Whew! We’re more than trending towards burnout, writ large—we’re stuck in patterns of thinking that our biology interprets as life-threatening.
Our nervous systems don’t distinguish between the “what is” and “what then” at all. Our ancient biology equates a saber-tooth tiger stalking about with the mere thought that, “my team doesn’t respect me.”
Why? Both trigger the same cellular stress reaction that shortens our telomeres (those little biological suitcases at the end of our chromosomes that determine longevity) and depletes the very energy reserves we need to function well, to lead our lives.
And here’s where Byron Katie’s inquiry process becomes revolutionary for all, especially leaders. It doesn’t just help you work with your stress—it helps question the embodied thoughts that create the stress in the first place.

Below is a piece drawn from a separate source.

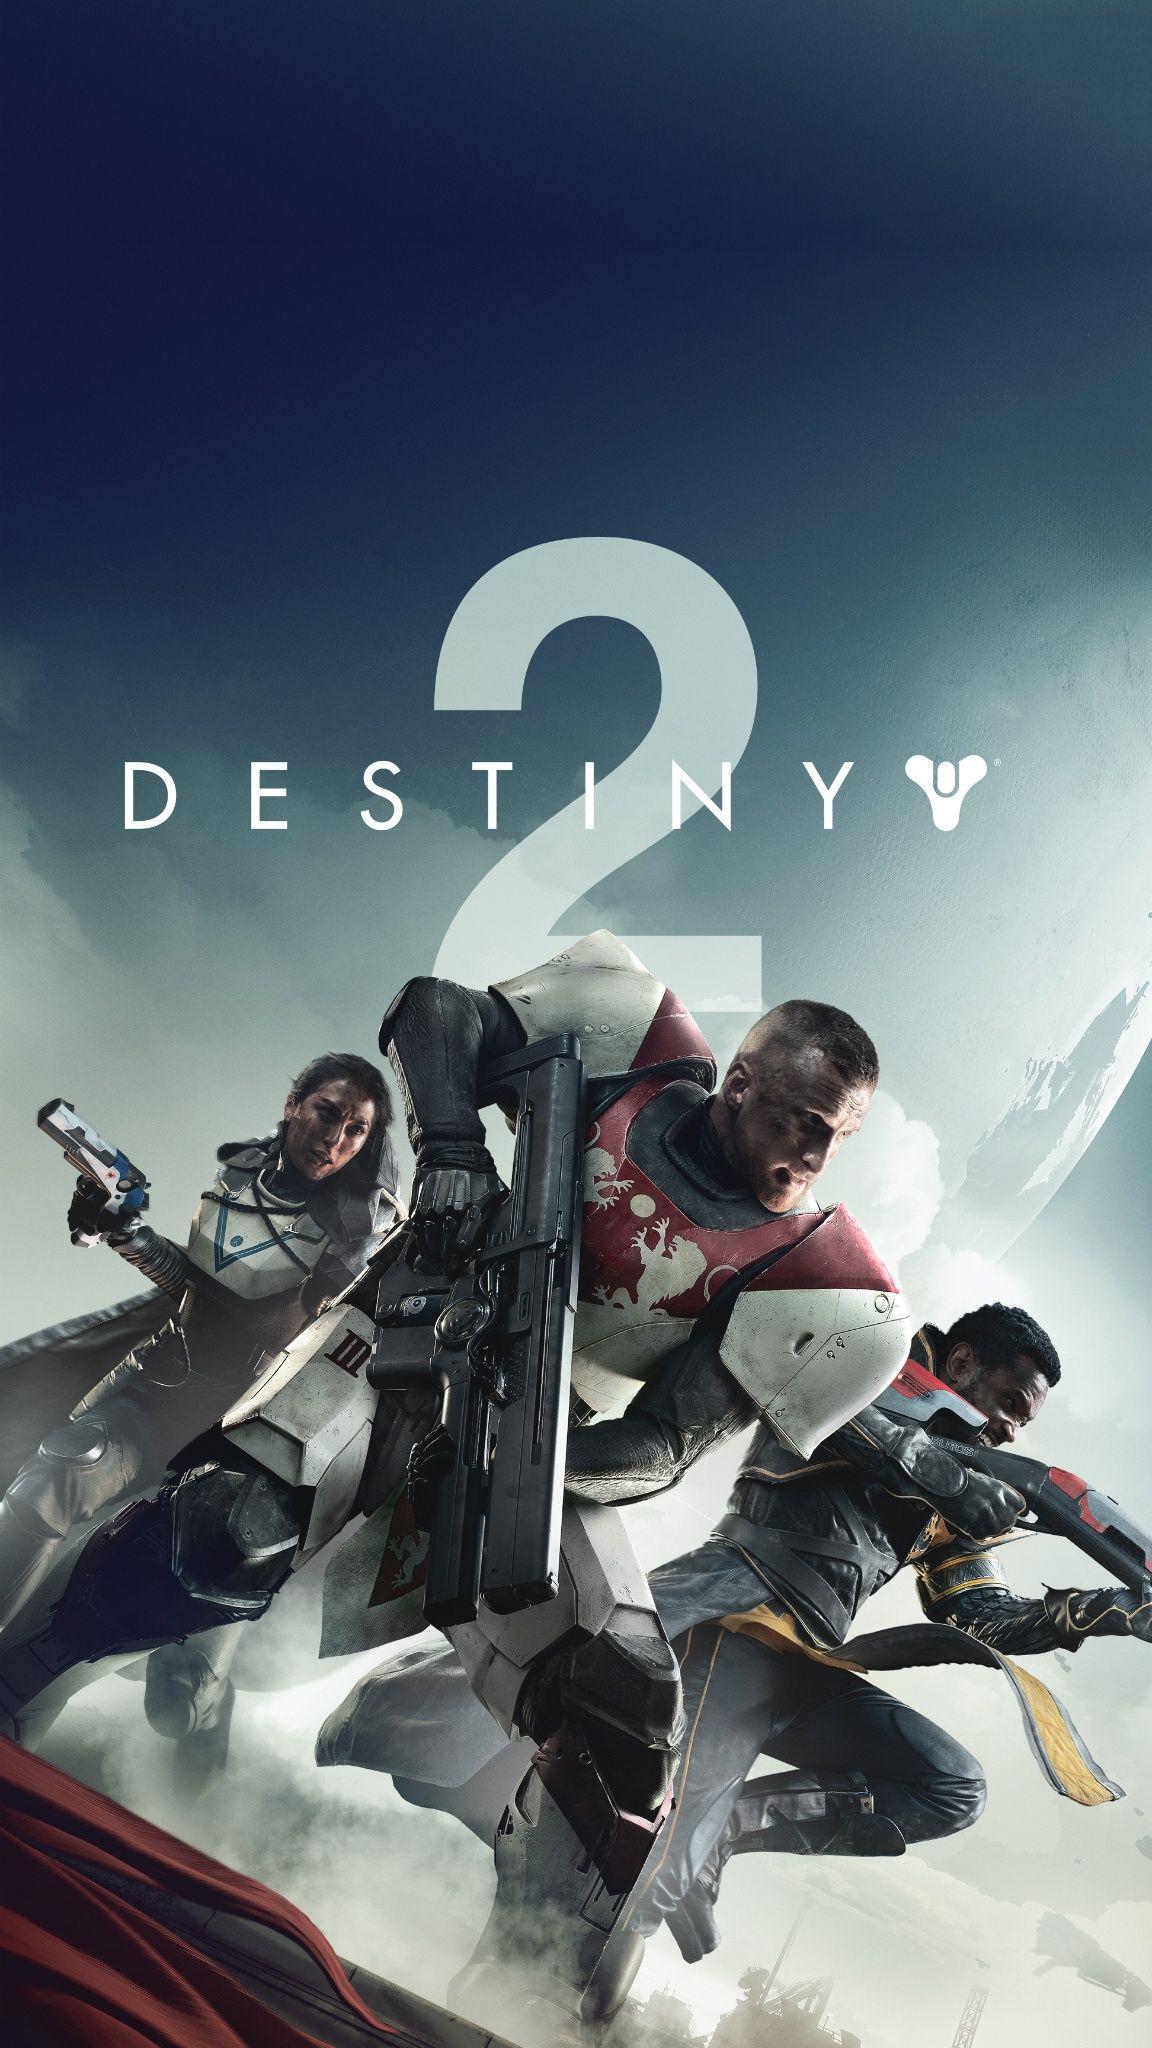 Destiny 2 Iphone Wallpaper Destiny 2 Iphone Background

The Four Questions That Change Everything
Katie’s Work offers four deceptively simple questions:
Is it true?
Can you absolutely know that it’s true?
How do you react when you believe that thought?
Who would you be without that thought?
If it is true (1), and I know it absolutely (2), then comes the turnaround (3)—finding how the opposite might be equally true or truer. Then asking, who would I be without this thought? (4).

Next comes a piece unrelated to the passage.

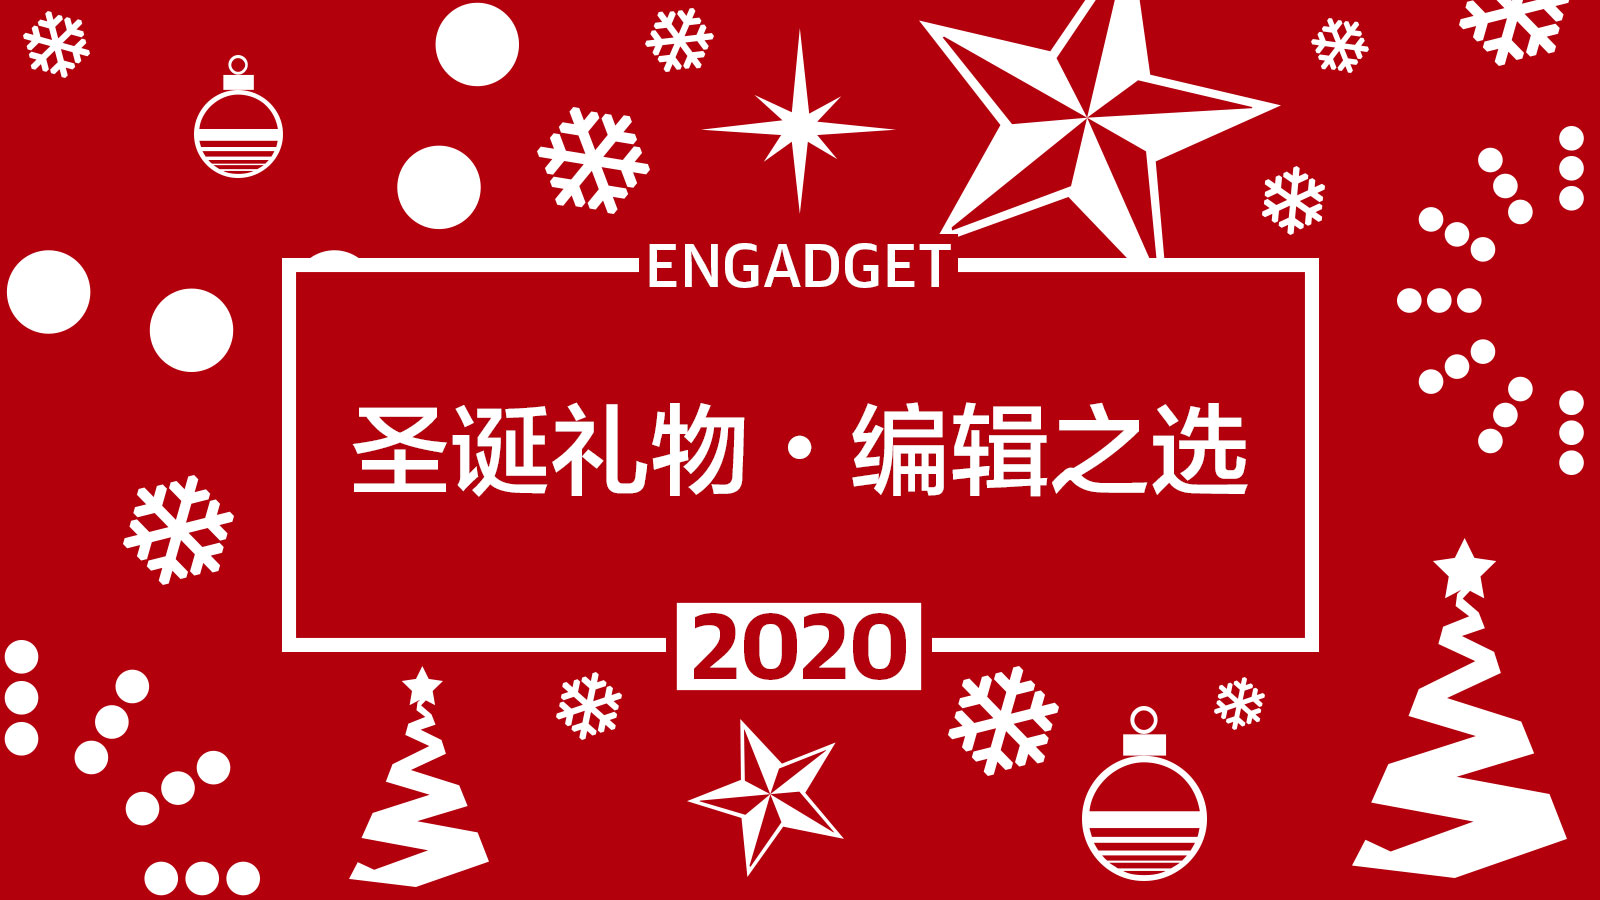 Engadget 圣诞礼物编辑之选

Take the thought that’s probably running through many leaders’ minds right now: “I don’t have time for well-being practices.”
Apply the inquiry.
Is it true? Can you absolutely know if it’s true? If not, you can drop it. If yes, ask, how do you react when you believe this thought?
Who would you be without it? What if the turnaround is actually more accurate: “I don’t have time NOT to prioritize well-being practices”?
The Biology of Inquiry Meets Presence
When we’re able to question a stressful thought and genuinely see it’s not actually true, something remarkable happens in your nervous system, the fight – flight – freeze – fawn reaction deactivates. Your prefrontal cortex comes back online. Your capacity for presence, creativity, and wise decision-making returns.
And it’s not mere positive thinking—it’s precise thinking.You’re not trying to believe something else; you’re seeing what’s actually true beneath the story about your experience that was causing suffering.
Beyond Surviving to Thriving
The ultimate leadership transformation happens when you realize you’re not managing reality—and don’t have to—you’re simply questioning your stories about reality.
When you stop arguing with what is, action becomes “simple, fluid, kind, and fearless,” as Katie puts it.
This isn’t about accepting dysfunction or avoiding necessary changes. But about making those changes from clarity rather than reactivity, from wisdom rather than fear, from a nervous system that’s regulated rather than hijacked.
Practices
Morning Inquiry Ritual– Before checking your phone, write down the thought that feels most stressful about the day ahead. Take it through the four questions. Notice how your energy shifts.
Stress Twist– For a day, write down every stressor you experience. But instead of just circling what you can control, question whether each stress-inducing thought is actually true. You might discover that many of your “problems” exist only in your thinking.
You can also experiment when frustrated with someone else’s behavior too. Ask: “How am I doing this exact same thing to them, to myself, or to others?”The insight might floor you.
Joy Bookend Your Day -At day’s end, instead of just reflecting on gratitude, question any thought that prevented you from experiencing more joy.
“This day was wasted,” becomes “Was it? How do I know? What good actually happened that I’m not seeing?”
Then let that good sink in, just like the beauty of our back porch.
The future doesn’t belong to those of us who can simply manage stress like we’re a contestant at a wrestling match.
The future belongs to those who feel themselves and their own experiences.And then question the thinking that creates unnecessary stress in the first place. In doing so, they unlock both their biological potential and their authentic power to lead.